Chorley joined The Times in 2016, where he edited the Red Box political email newsletter. He then also started presenting a podcast of the same name, also hosted by The Times, which was subsequently renamed Politics Without The Boring Bits in 2023. In October 2023, The Times launched a weekly podcast called How To Win An Election, presented by Chorley and featuring the former political strategists Peter Mandelson, Danny Finkelstein, and Polly Mackenzie as recurring guests.

In June 2020, Chorley stepped back from writing the newsletter, to present the mid-morning slot at the newly launched Times Radio from 10am to 1pm, Monday to Thursday. In May 2021, he was also given the Friday shift, taking the show to five days a week.

In May 2024, Chorley announced his departure from Times Radio, and BBC Radio 5 Live issued a press release stating he will host a weekday afternoons radio show commencing in September 2024. His new politics show launched on 2 September. The following May, he also started presenting the Friday editions of Newsnight on BBC Two.

=== Comedy ===
In parallel to his early journalistic career in Somerset, Chorley formed part of a comedy trio called Big Day Out, alongside friends Lewis Georgeson and William Kenning. When Chorley left Somerset for London in 2005, his decision was influenced by wanting to spend more time focusing on the comedy sketch group, which had already enjoyed sold-out shows in the capital. In 2007, Big Day Out took their comedy show to the Edinburgh Festival.

In 2019, Chorley toured his one-man political comedy show, This is Not Normal, around the UK. In 2022, Chorley toured another show called Who is In Charge Here? In 2024, Chorley toured his third one-man show called Poll Dancer.

He announced a fourth tour taking place in the summer and autumn of 2025 called Making a Meal of It.

=== Book ===
In 2023, Chorley published a book titled Planes, Trains and Toilet Doors: 50 Places That Changed British Politics. The book focuses on unique places outside the traditional corridors of power in Whitehall, that reportedly changed the course of British politics.

===Awards===
At the 2020 Society of Editors' Press Awards, Red Box won the award for 'best news podcast'. At the 2020 London Press Club, Chorley won 'digital journalist of the year' for his Red Box newsletter and podcast for The Times.

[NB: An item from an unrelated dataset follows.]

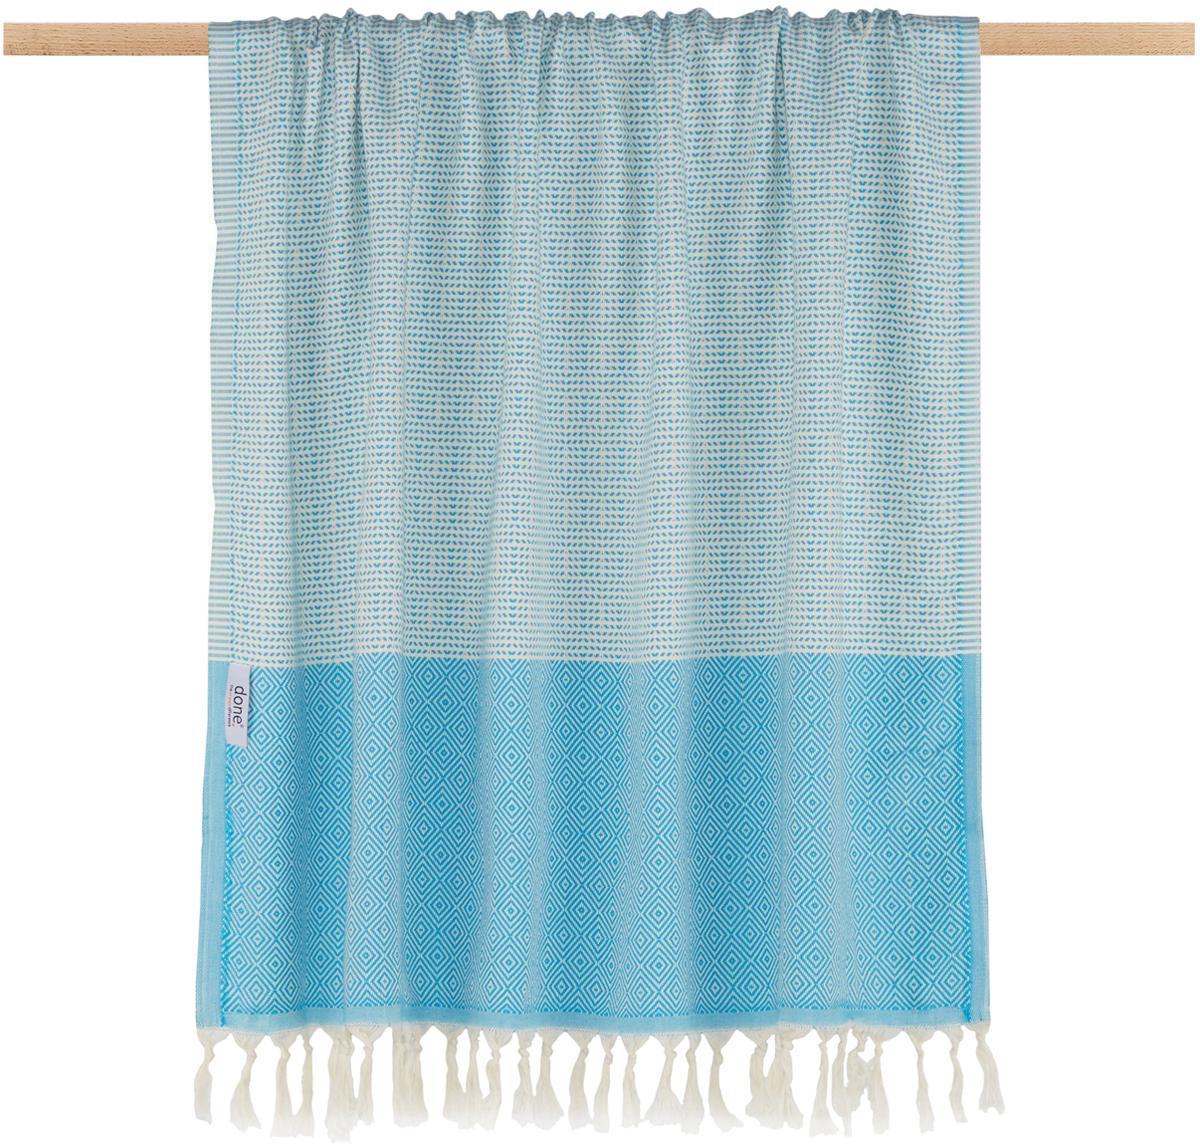 Manta Lounge Diamond, 100%algodón, Azul, blanco crudo, An 100 x L 180 cm

Chorley's book, Planes, Trains and Toilet Doors: 50 Places That Changed British Politics, won the award for the best 'political book by a non-parliamentarian' at the 2023 Parliamentary Book Awards, organised by the Publishers Association and the Booksellers Association.

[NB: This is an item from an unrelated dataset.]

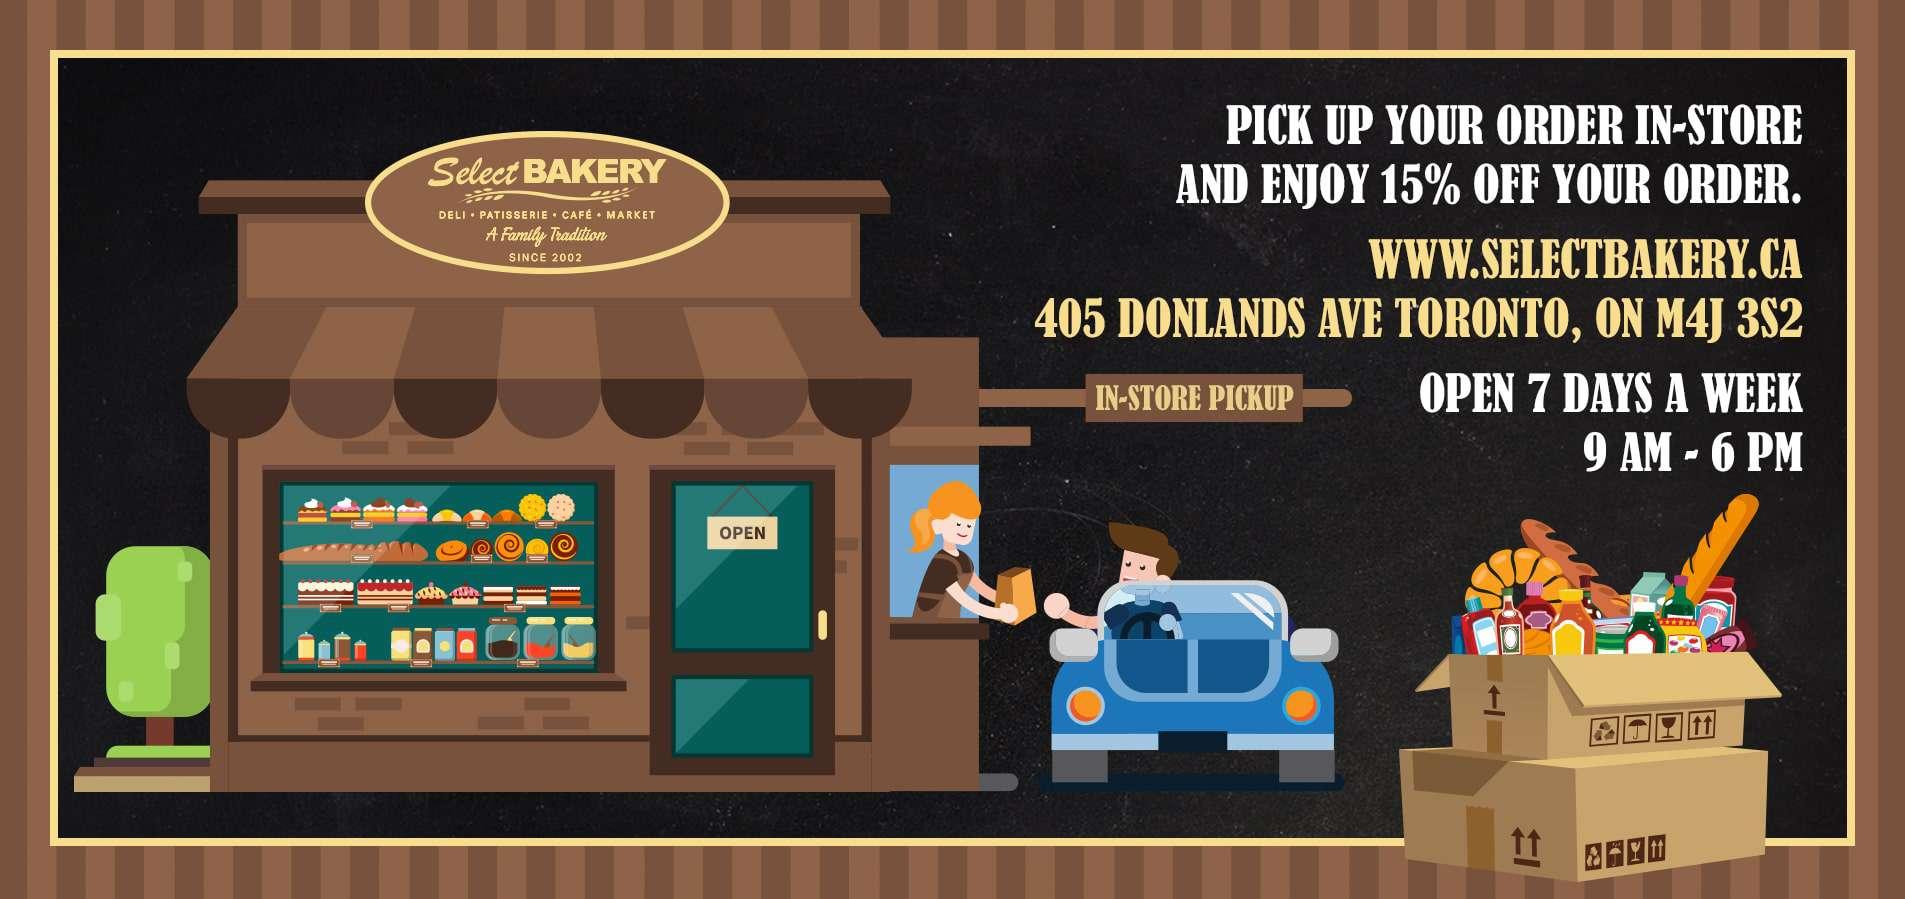 Select-Bakery-Toronto-Pick-Up

=== Feud with Andrew Bridgen===
Since 2018, Chorley has had a fractious relationship with Andrew Bridgen, who served as the MP for North West Leicestershire from 2010 until 2024. In November 2018, Chorley wrote that Bridgen's Conservative colleagues had described him as "spud-u-hate" and "thick as mash". It is reportedly as a result of this Times article that Bridgen refused to vote in support of Theresa May's 2018 Brexit deal at the height of the Brexit negotiations.

Chorley later regularly denounced Bridgen's struggles with the law and with parliamentary standards in his columns, and has described Bridgen among other things as a "deluded attention-seeker" and "the Conservative MP for North West Bullshitshire".

==Personal life==
Chorley is married to Alyson, whom he met while working for the Taunton Times. The couple live in Fleet, Hampshire, and have two daughters. The family's pet Golden Retriever, Poppy, is a former guide dog.

Chorley has spoken extensively of his dislike of cats, and has even campaigned for Larry the Cat to be evicted from Downing Street.